**Supplied information:**
----
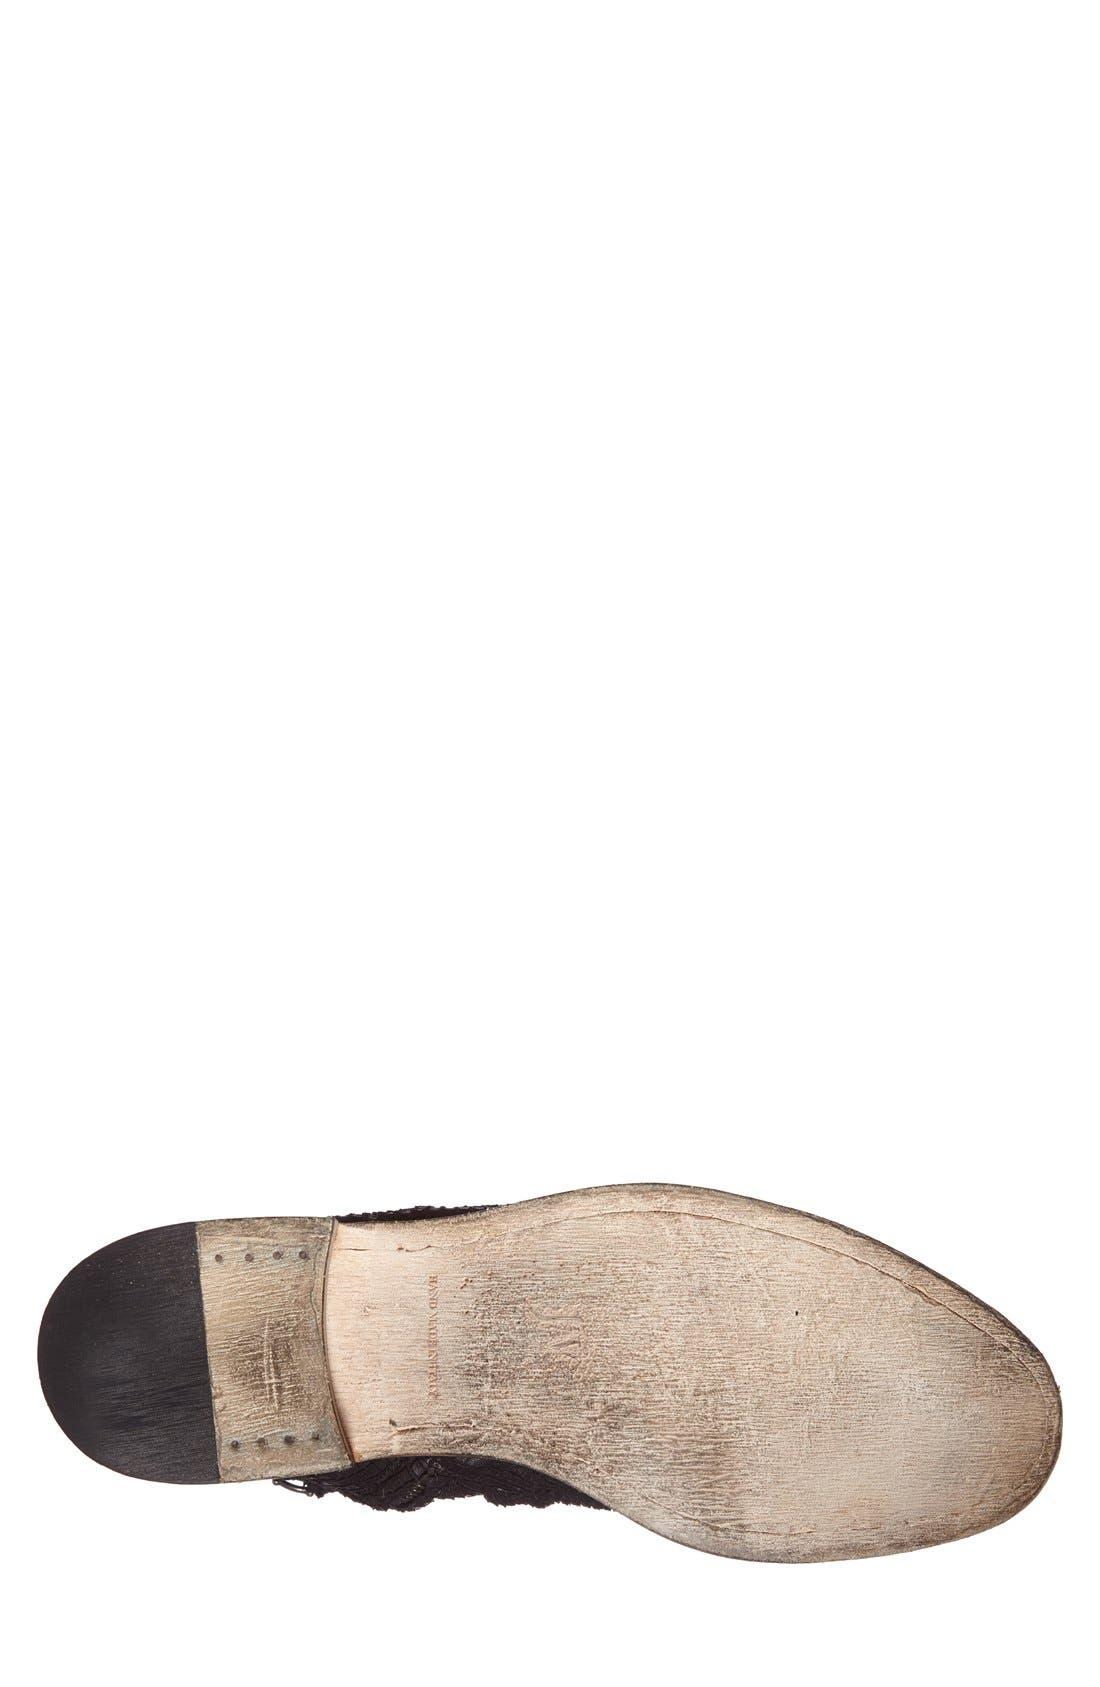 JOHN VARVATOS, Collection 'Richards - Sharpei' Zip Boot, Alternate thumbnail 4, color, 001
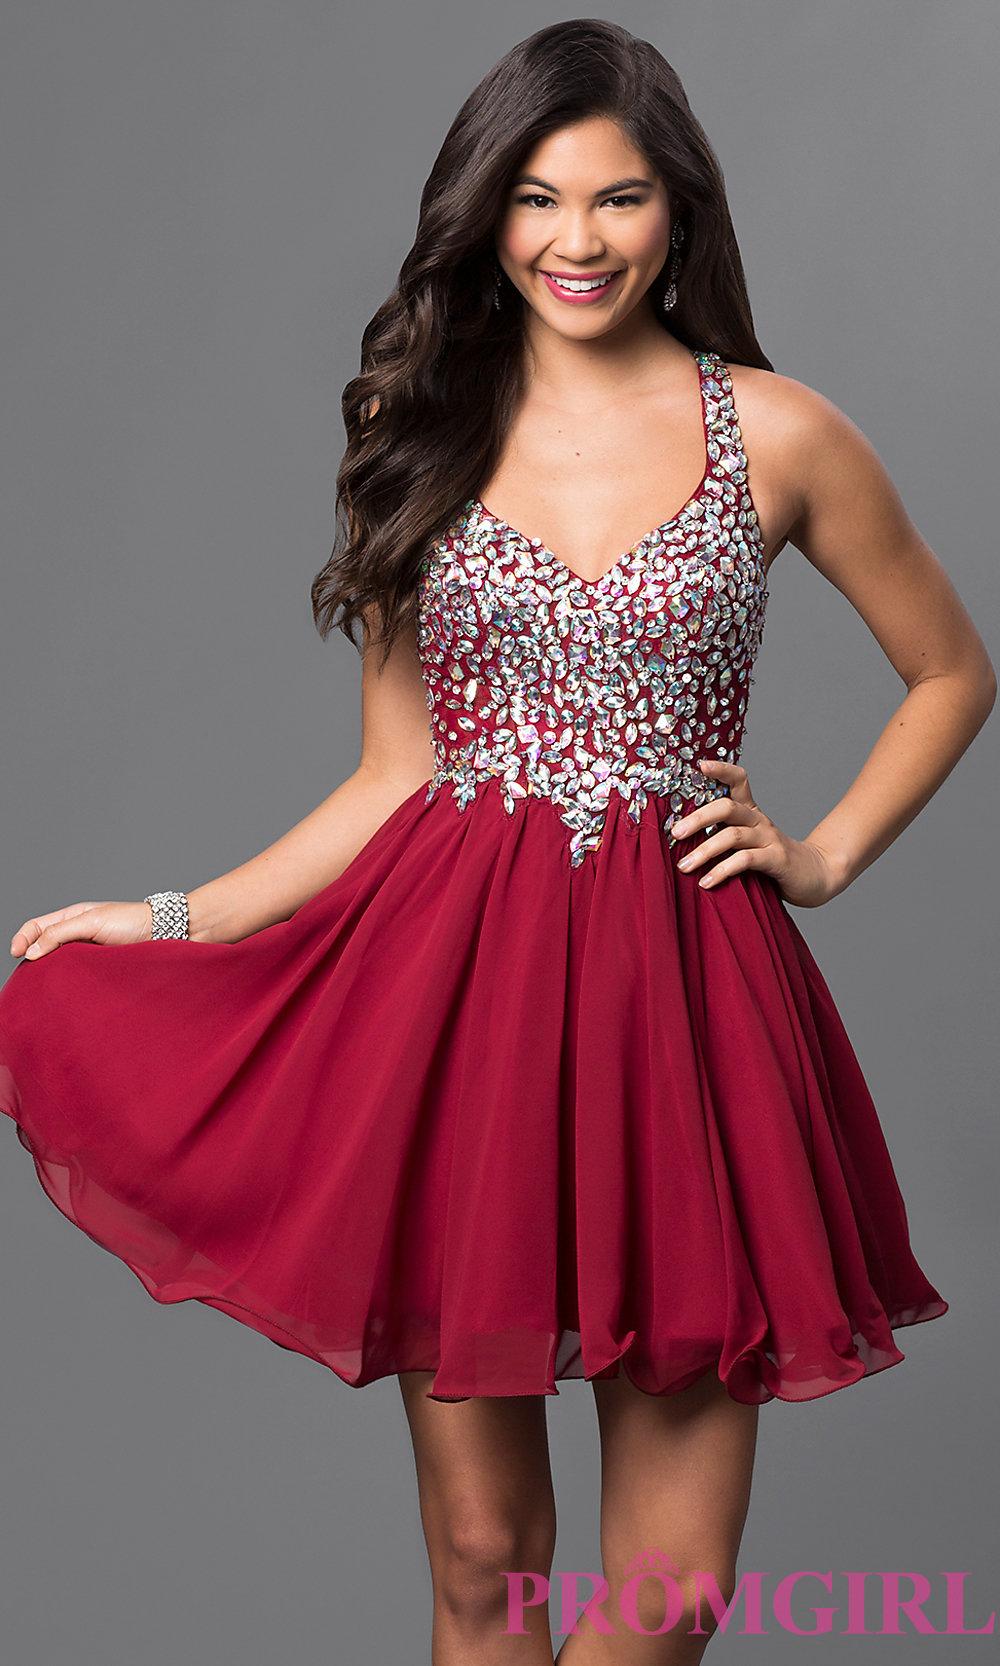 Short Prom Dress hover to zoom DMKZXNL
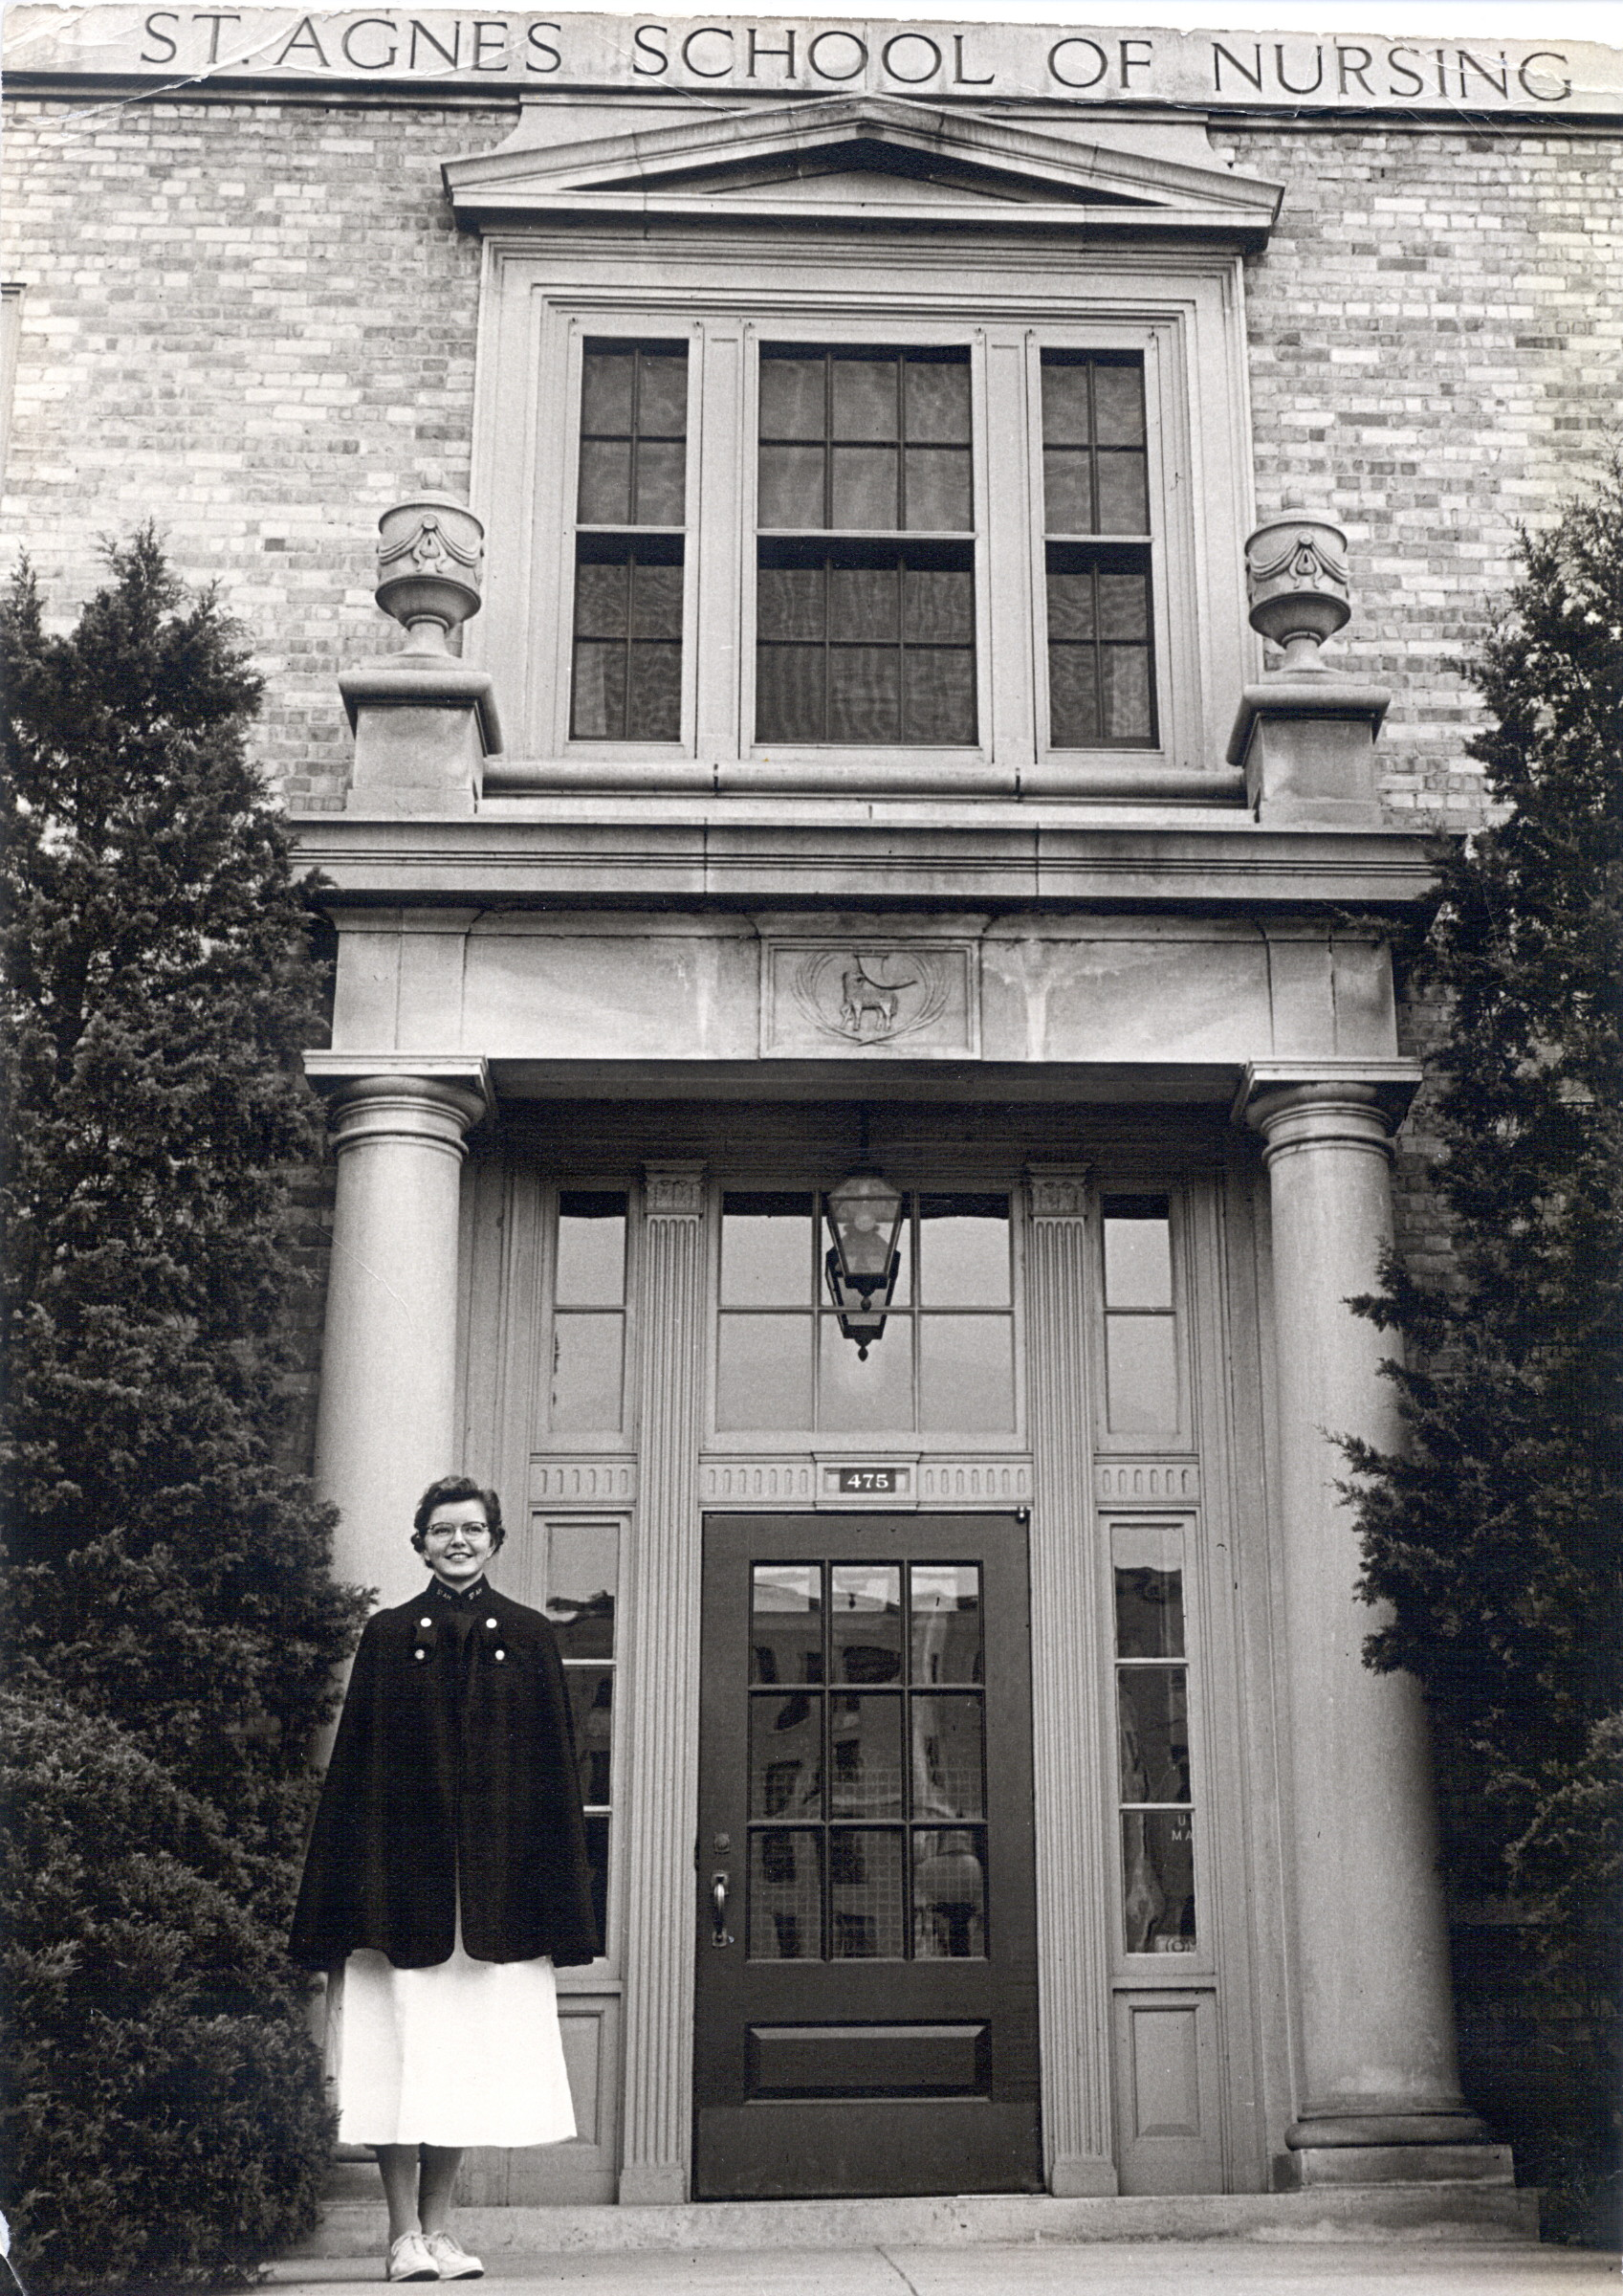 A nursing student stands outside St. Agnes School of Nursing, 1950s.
----
**Exercise:** When you set down the material above, keep every word exact and include no pictures.

**Answer:**
 JOHN VARVATOS, Collection 'Richards - Sharpei' Zip Boot, Alternate thumbnail 4, color, 001
 Short Prom Dress hover to zoom DMKZXNL
 A nursing student stands outside St. Agnes School of Nursing, 1950s.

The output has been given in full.